[TASK TO CARRY OUT] What you give back should be exactly the lines from the one with "Image of High" through the final line of the material, pictures removed; please add nothing.

#### PROVIDED DATA

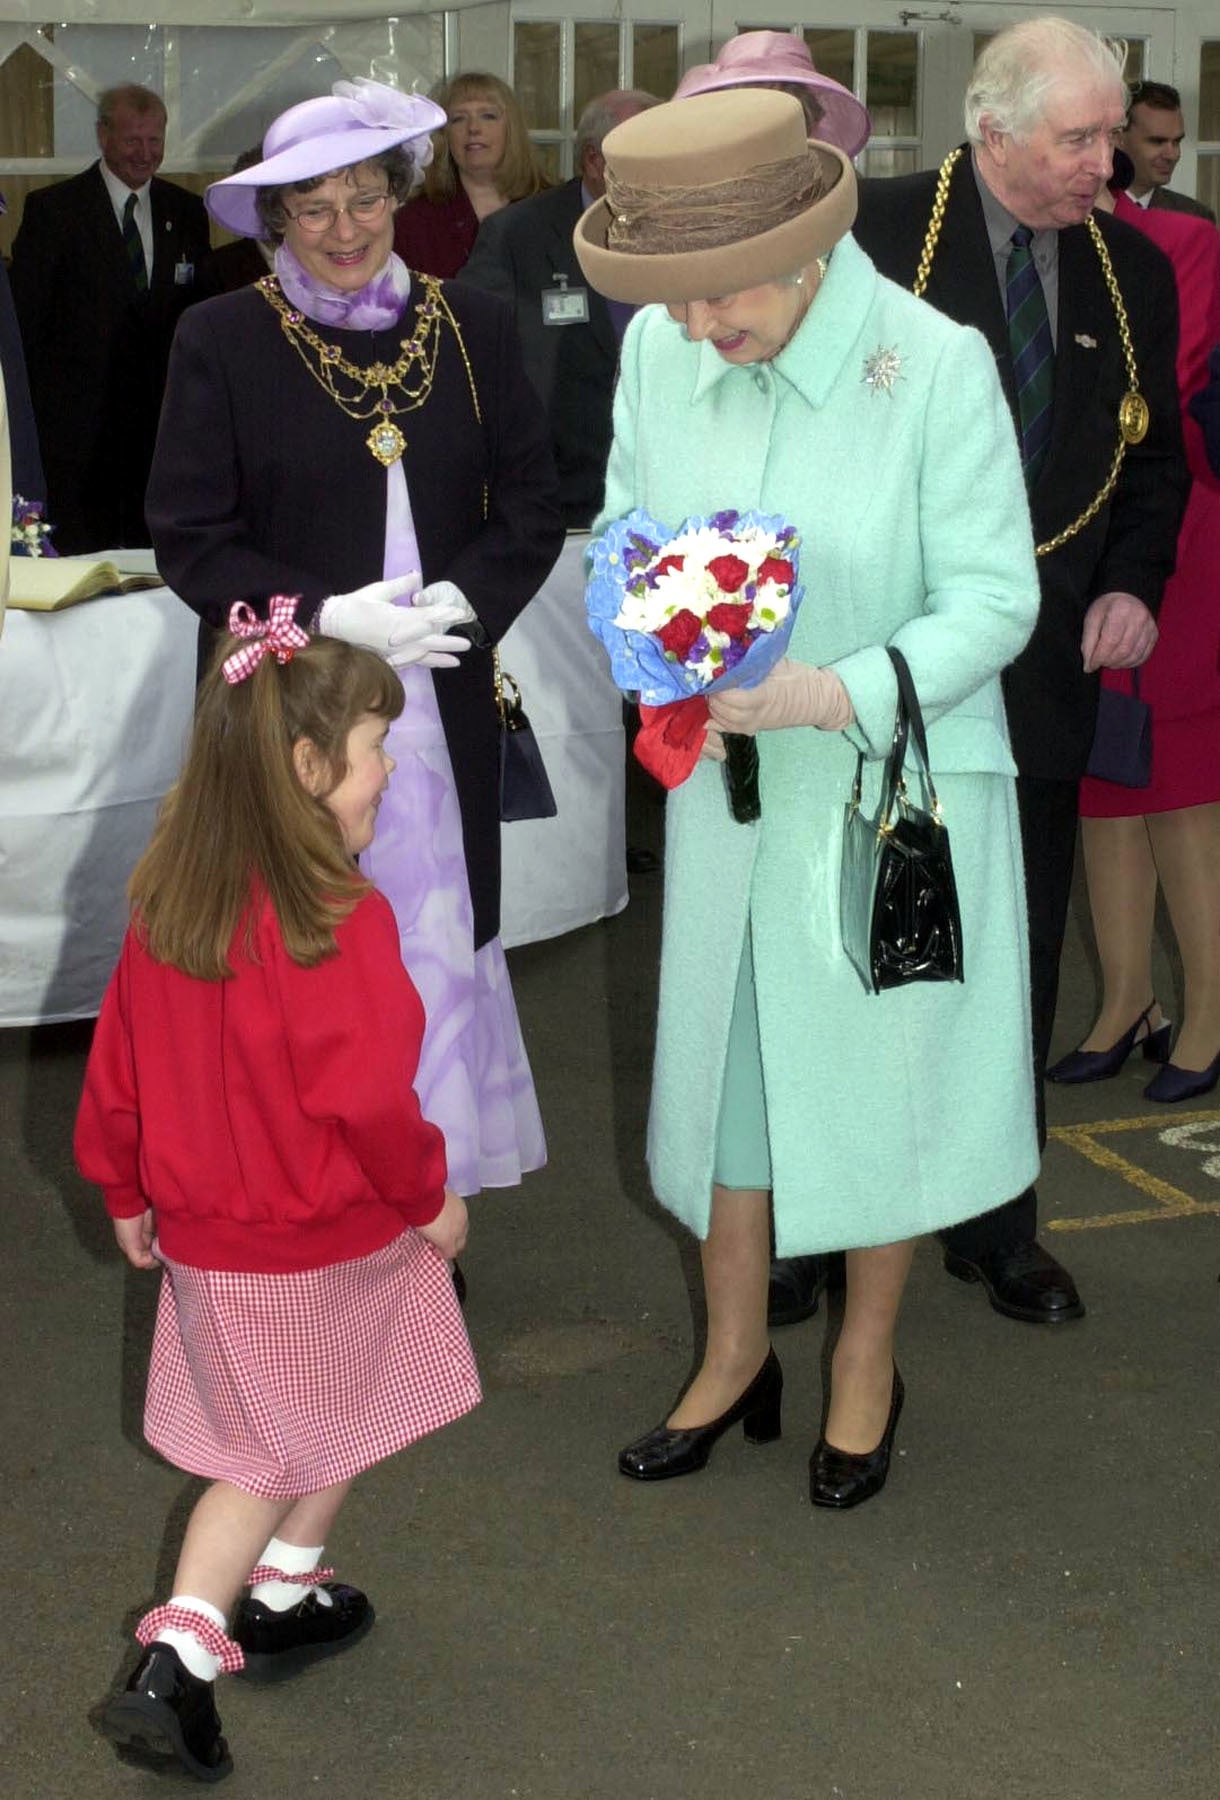 Katie Meehan, photographed with the Queen by PA in 2002, described the moment as ‘hilarious’ (PA)
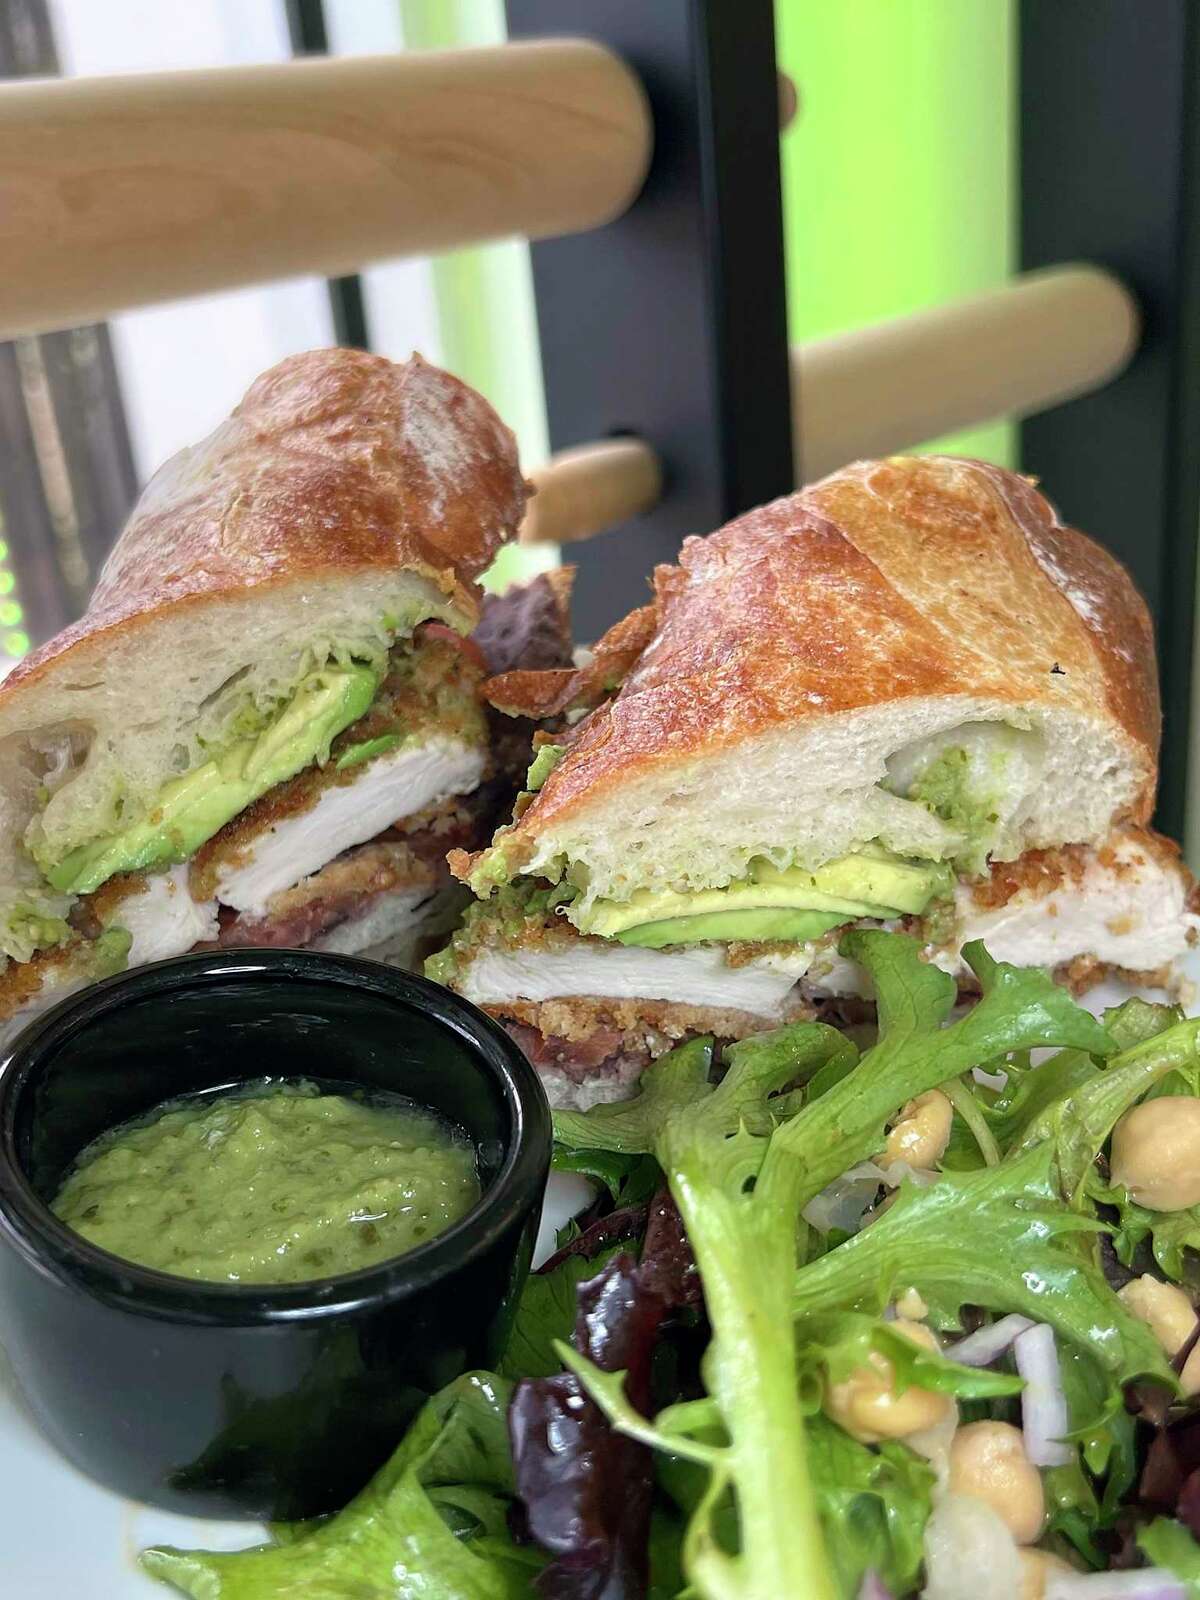 A chicken milanesa torta includes breaded chicken breast, avocado and refried beans on a fresh baguette at Pan & Coffee, a bakery, sandwich shop and coffee shop in Stone Oak.
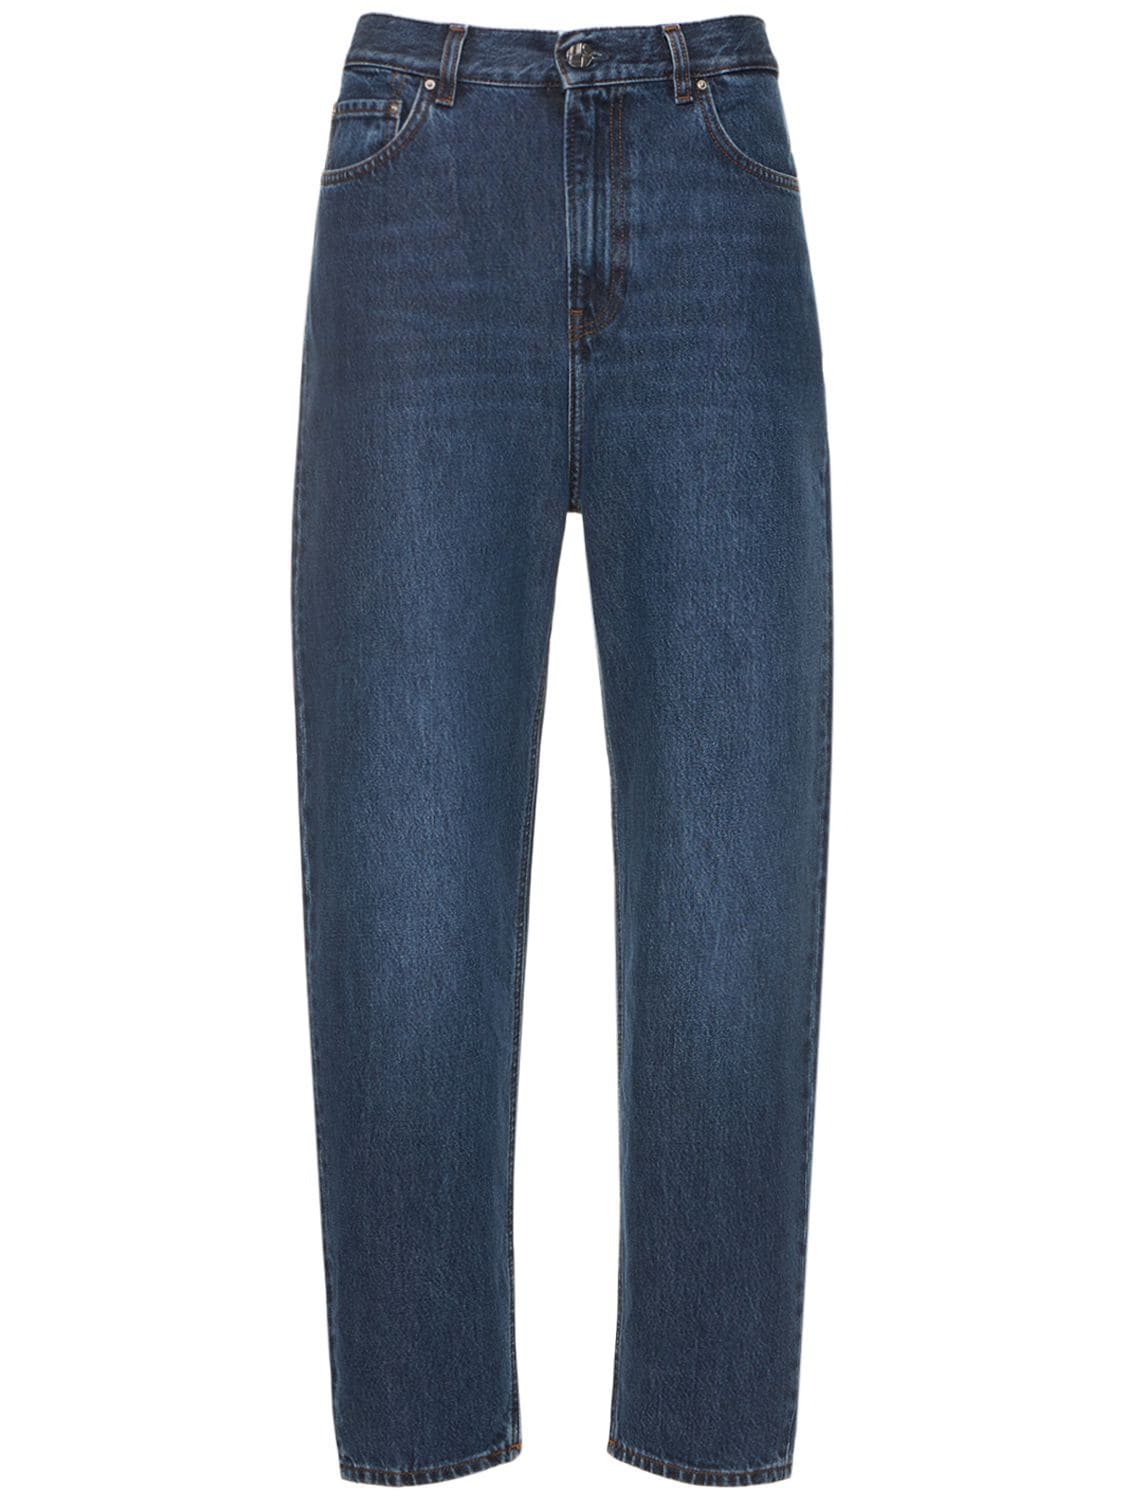 Image of High Rise Tapered Organic Cotton Jeans
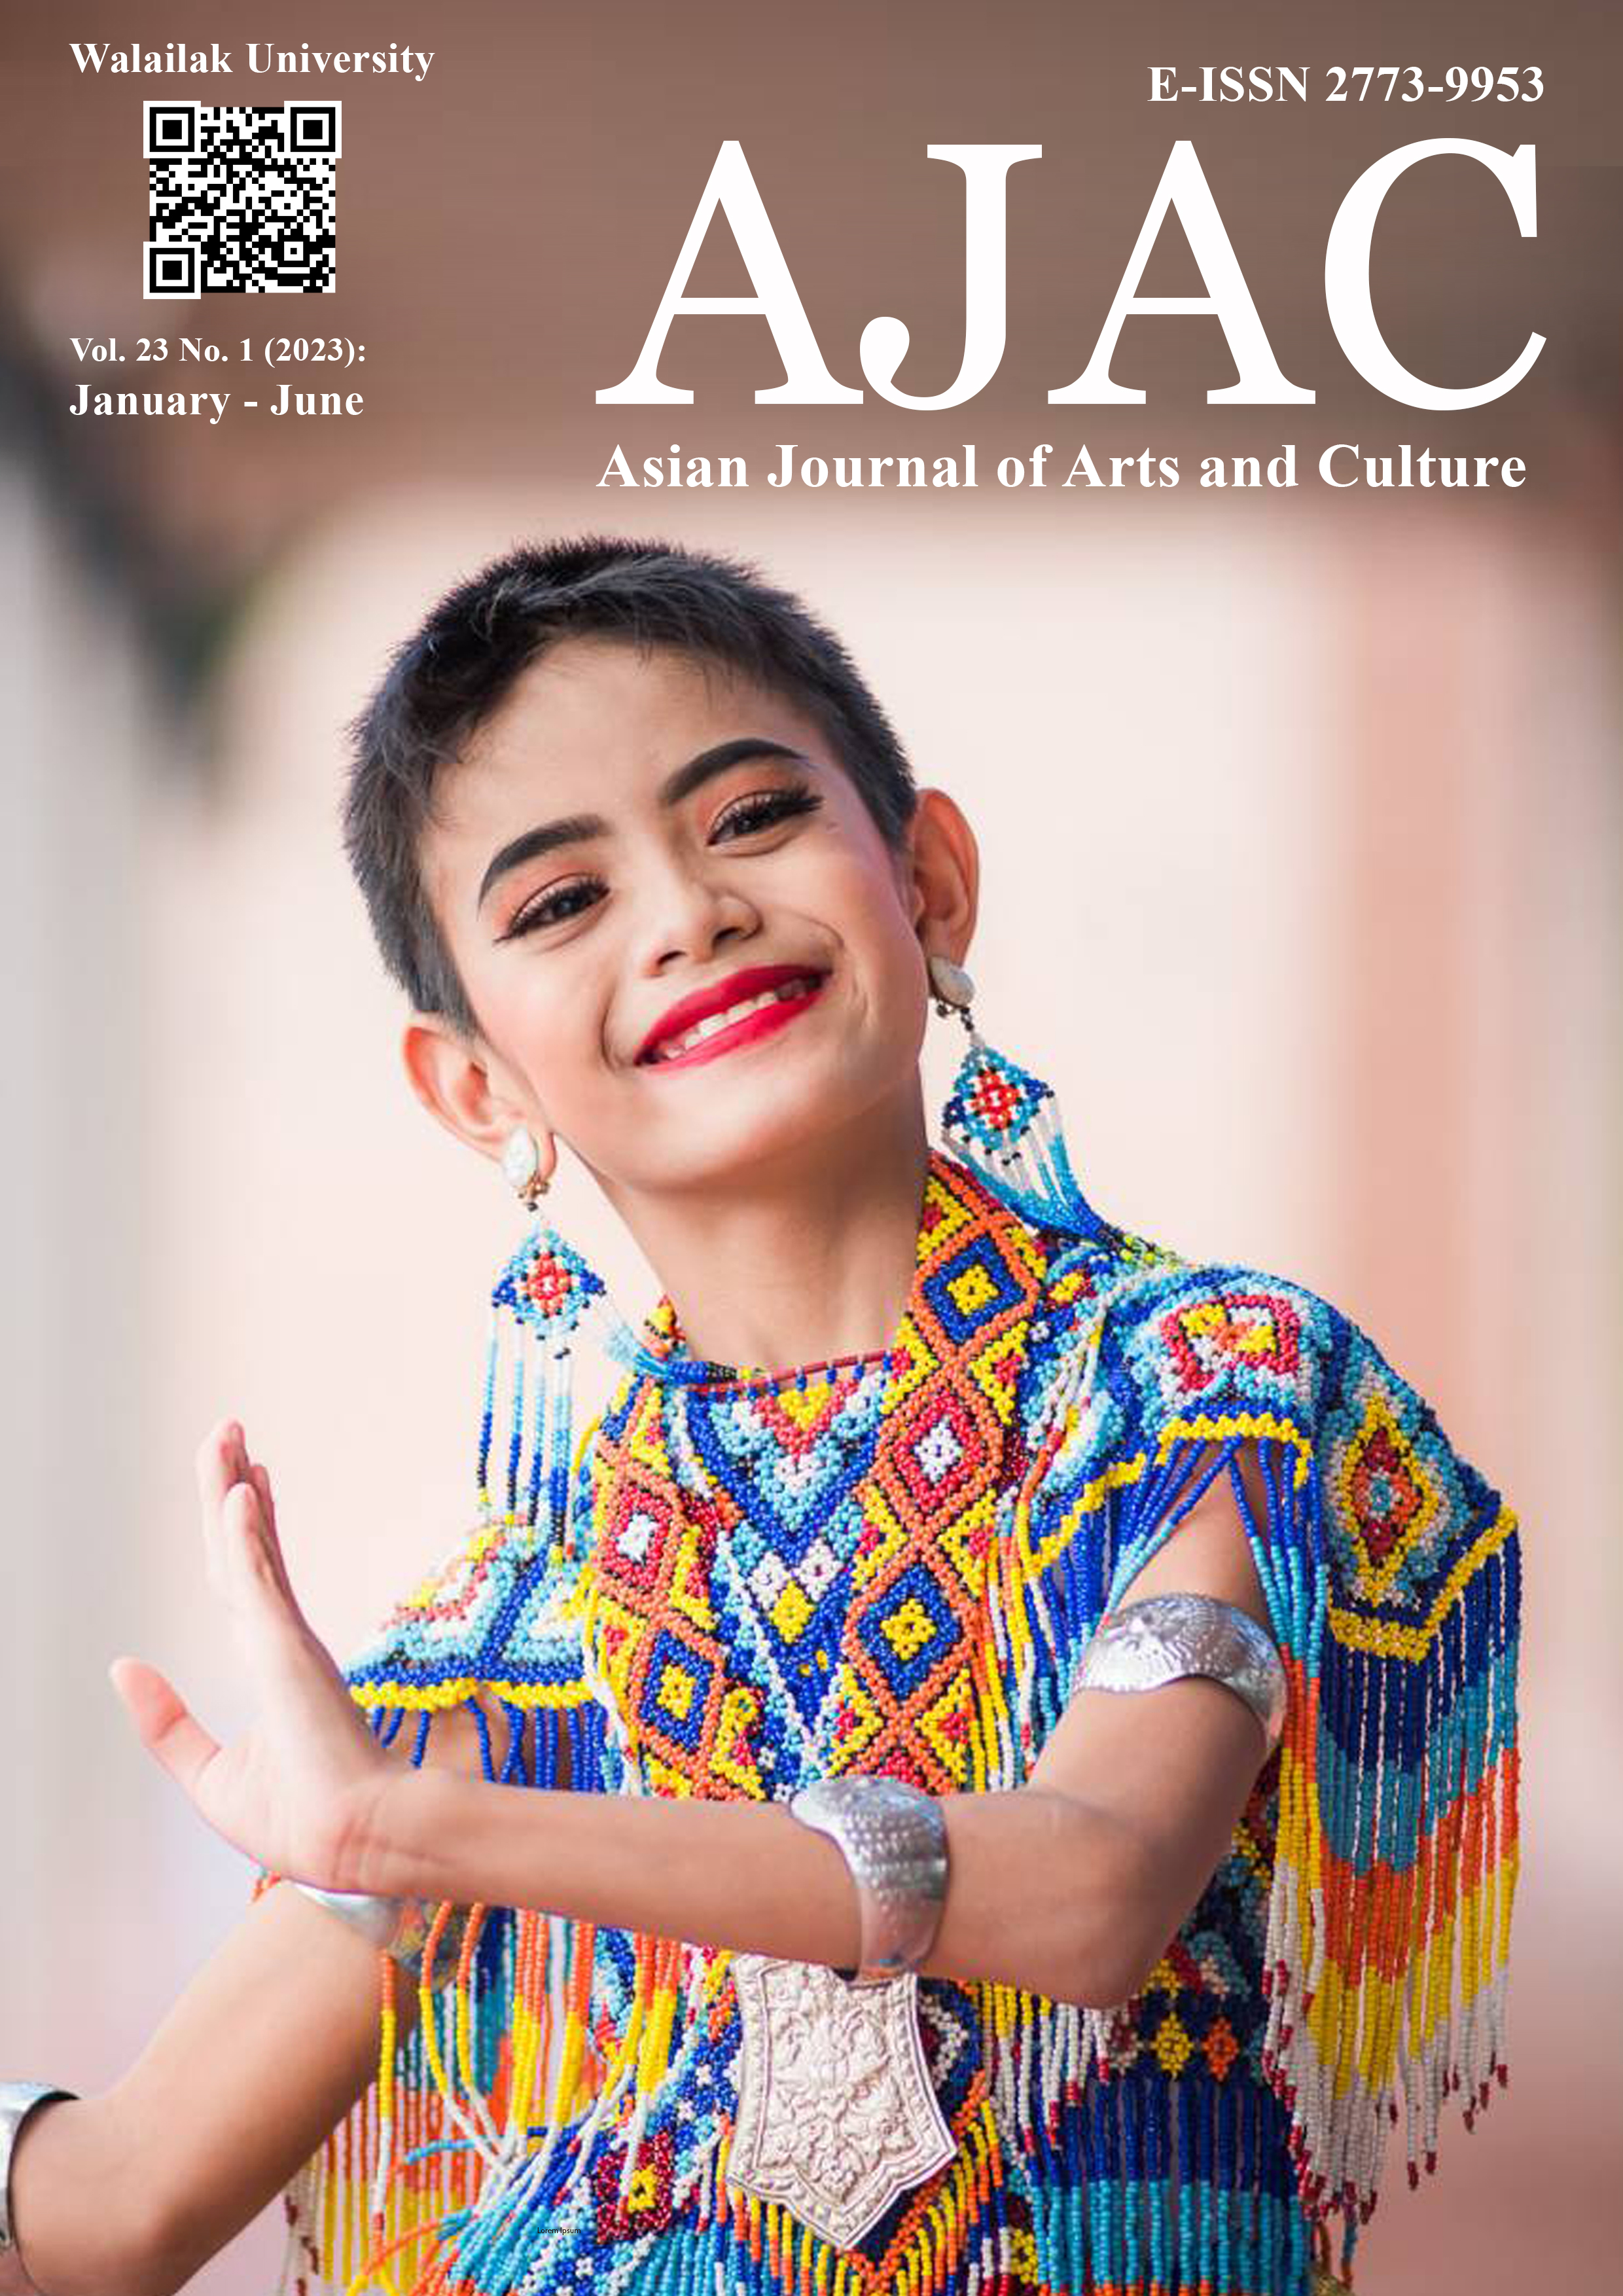 					View Vol. 23 No. 1 (2023): Asian Journal of Arts and Culture: January - June

########

[EXERCISE SOLUTION]
 Image of High Rise Tapered Organic Cotton Jeans
 					View Vol. 23 No. 1 (2023): Asian Journal of Arts and Culture: January - June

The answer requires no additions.